| ASSIGNMENT |
Every line below should be copied exactly; drop the pictures.

| DATASET CONTENT |

[Start of Attachment]

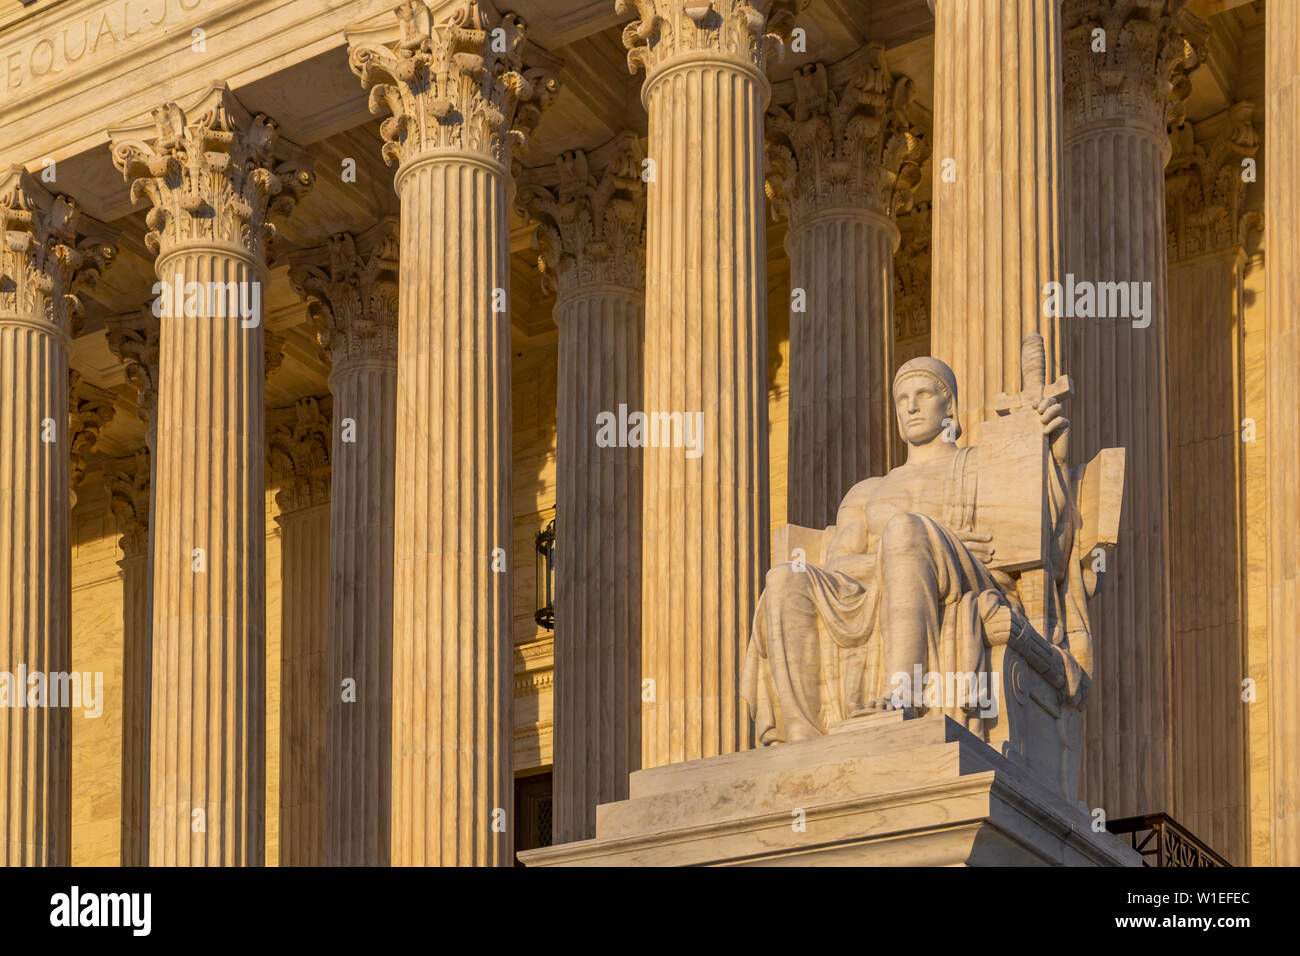 Der Oberste Gerichtshof der Vereinigten Staaten bei Sonnenuntergang, Washington D.C., Vereinigte Staaten von Amerika, Nordamerika Stockfoto
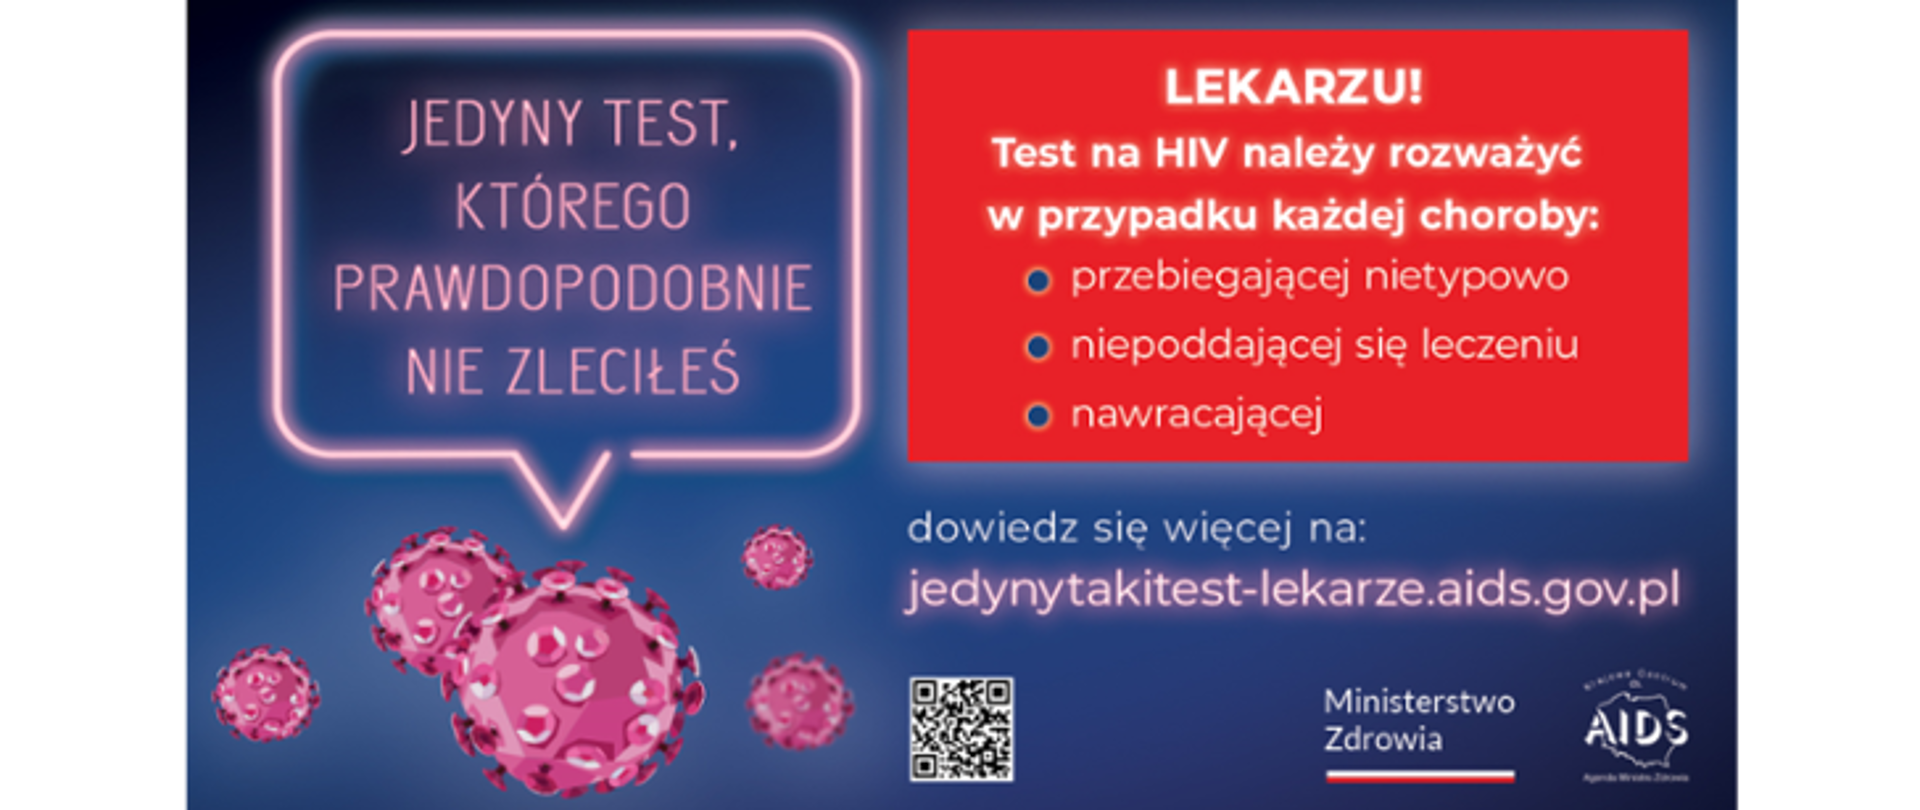 Grafika z tekstem: Jedyny test, którego prawdopodobnie nie zleciłeś. Lekarzu! Test na HIV należy rozważyć w przypadku każdej choroby: przebiegającej nietypowo, niepoddającej się leczeniu, nawracającej. Dowiedz się więcej na: jedynytakitest-lekarze.aids.gov.pl. Logo Ministerstwa Zdrowia i Krajowego Centrum ds. AIDS. Grafika z wirusem.
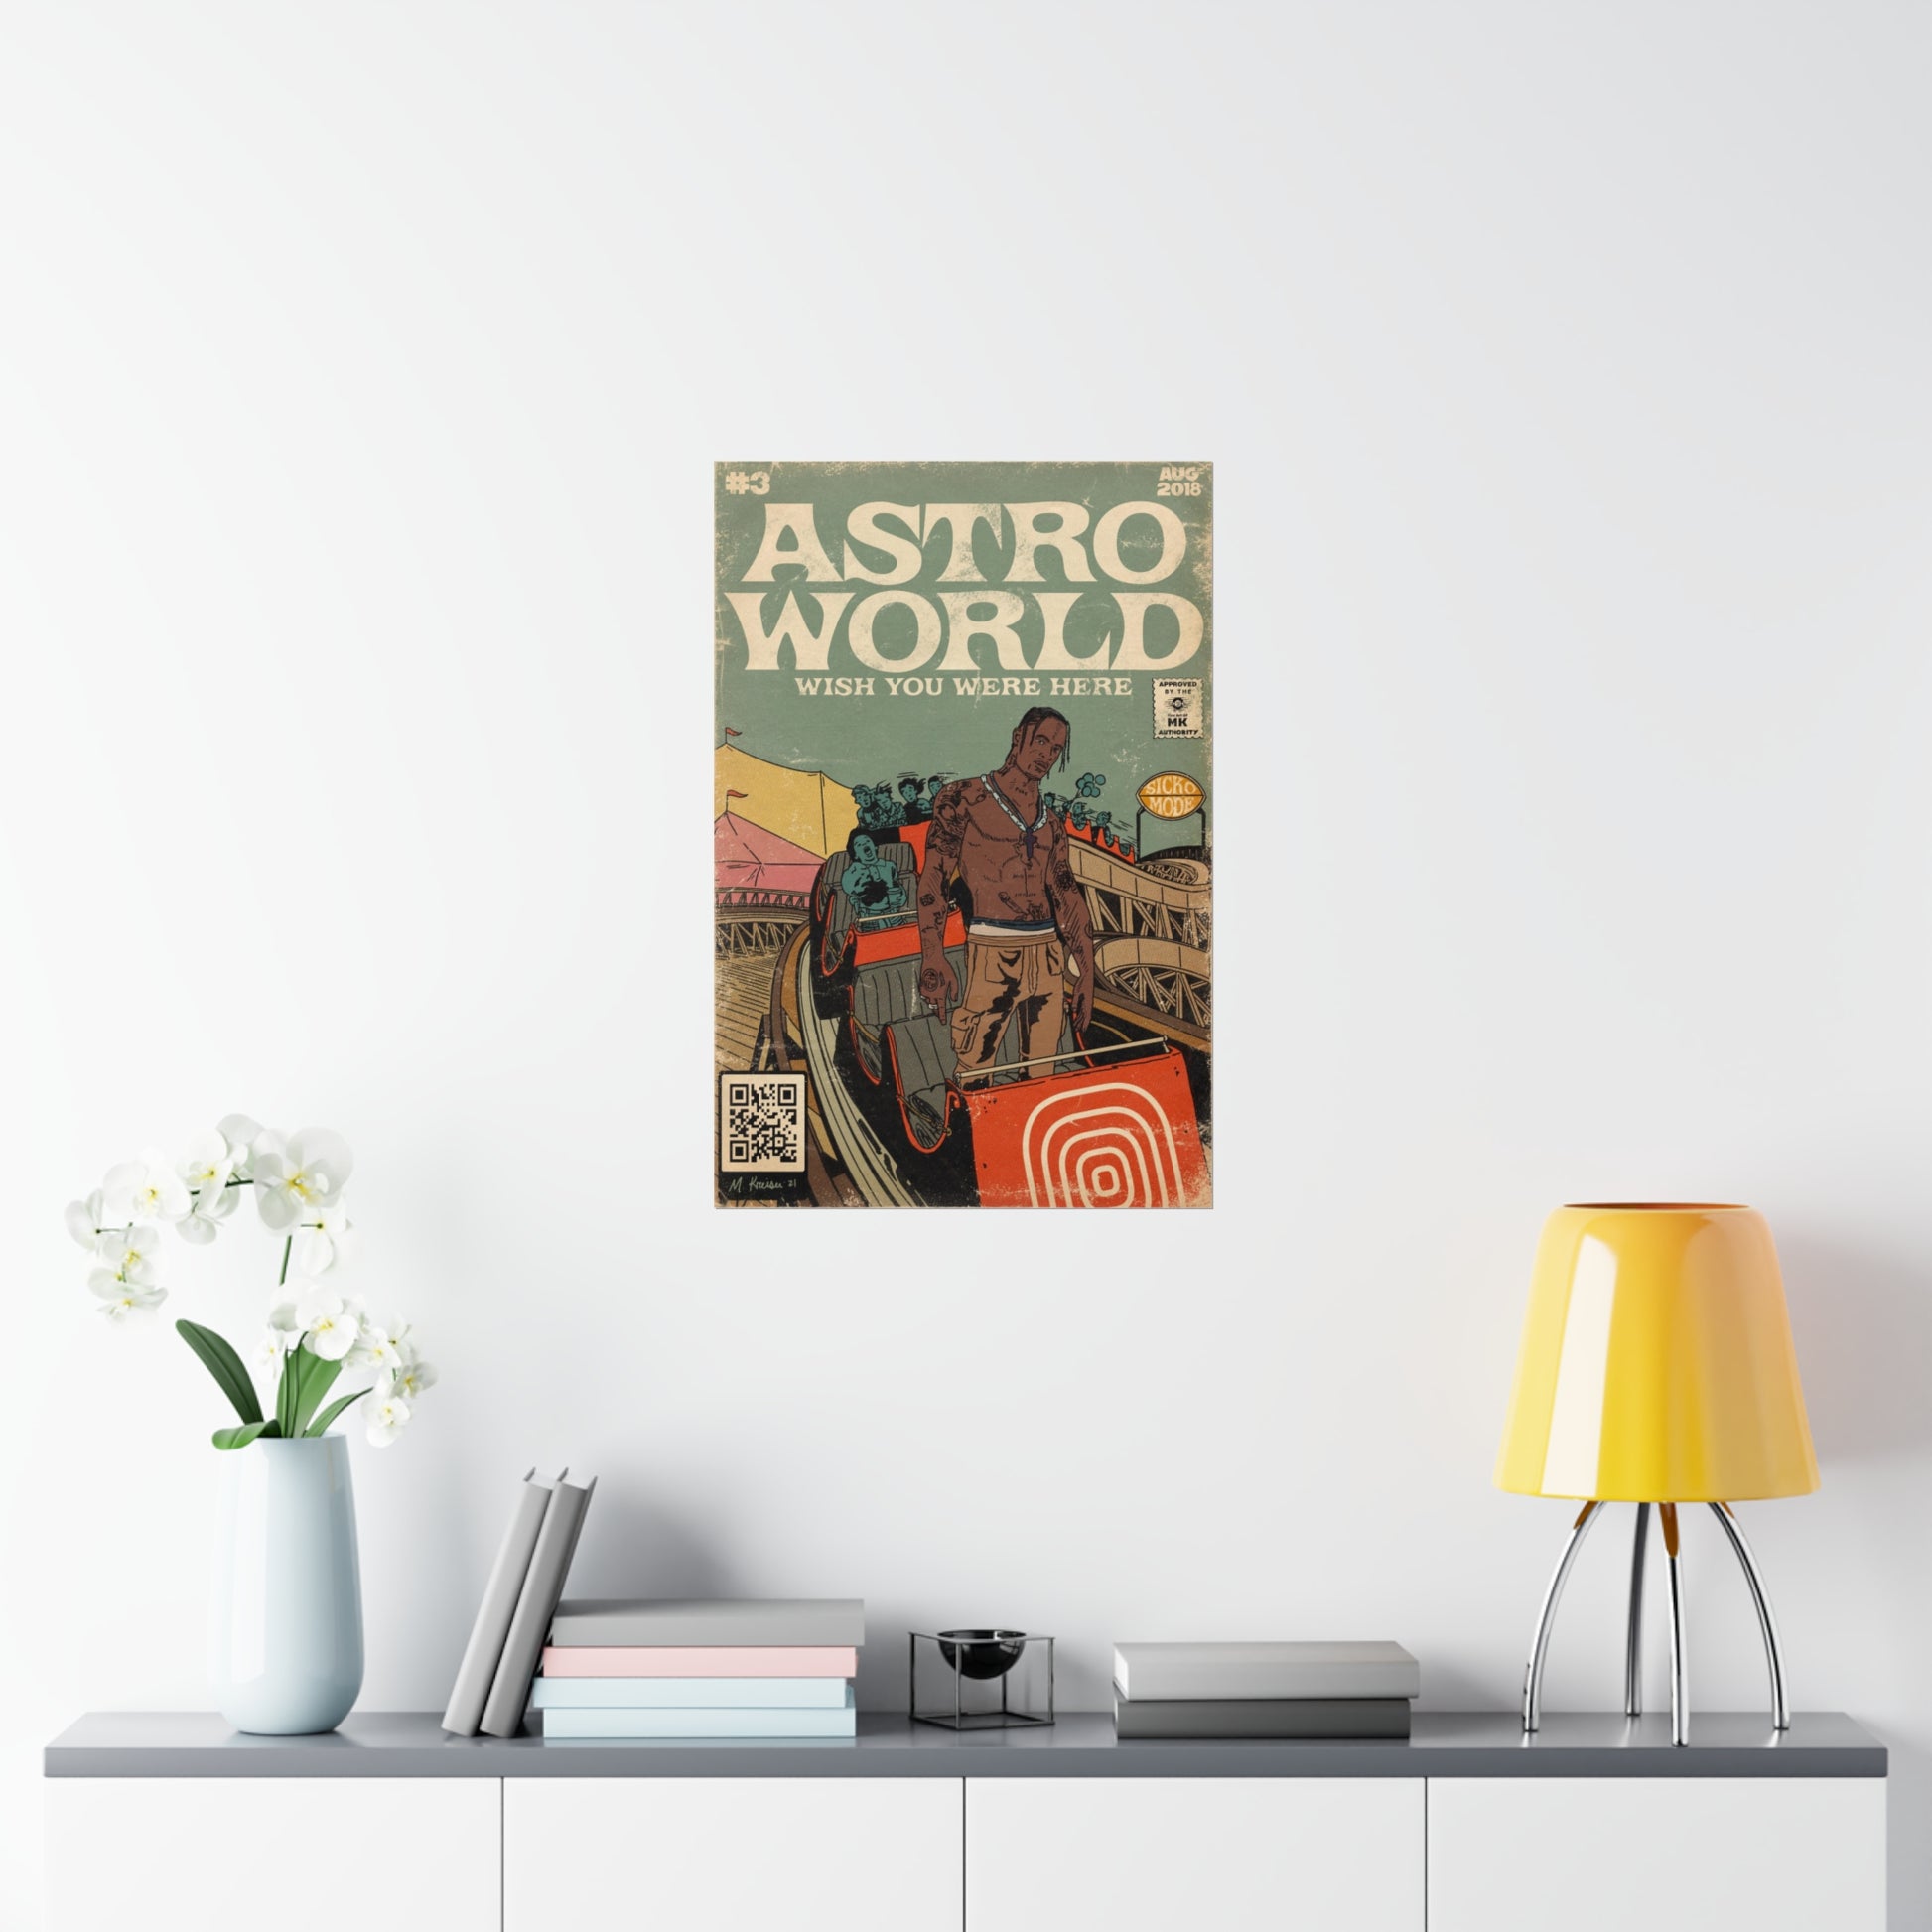 Travis Scott Astroworld poster minimalist poster vintage p - Inspire Uplift

[End of Attachment]

| ANSWER FOR THE TASK |
 Der Oberste Gerichtshof der Vereinigten Staaten bei Sonnenuntergang, Washington D.C., Vereinigte Staaten von Amerika, Nordamerika Stockfoto
 Grafika z tekstem: Jedyny test, którego prawdopodobnie nie zleciłeś. Lekarzu! Test na HIV należy rozważyć w przypadku każdej choroby: przebiegającej nietypowo, niepoddającej się leczeniu, nawracającej. Dowiedz się więcej na: jedynytakitest-lekarze.aids.gov.pl. Logo Ministerstwa Zdrowia i Krajowego Centrum ds. AIDS. Grafika z wirusem.
 Travis Scott Astroworld poster minimalist poster vintage p - Inspire Uplift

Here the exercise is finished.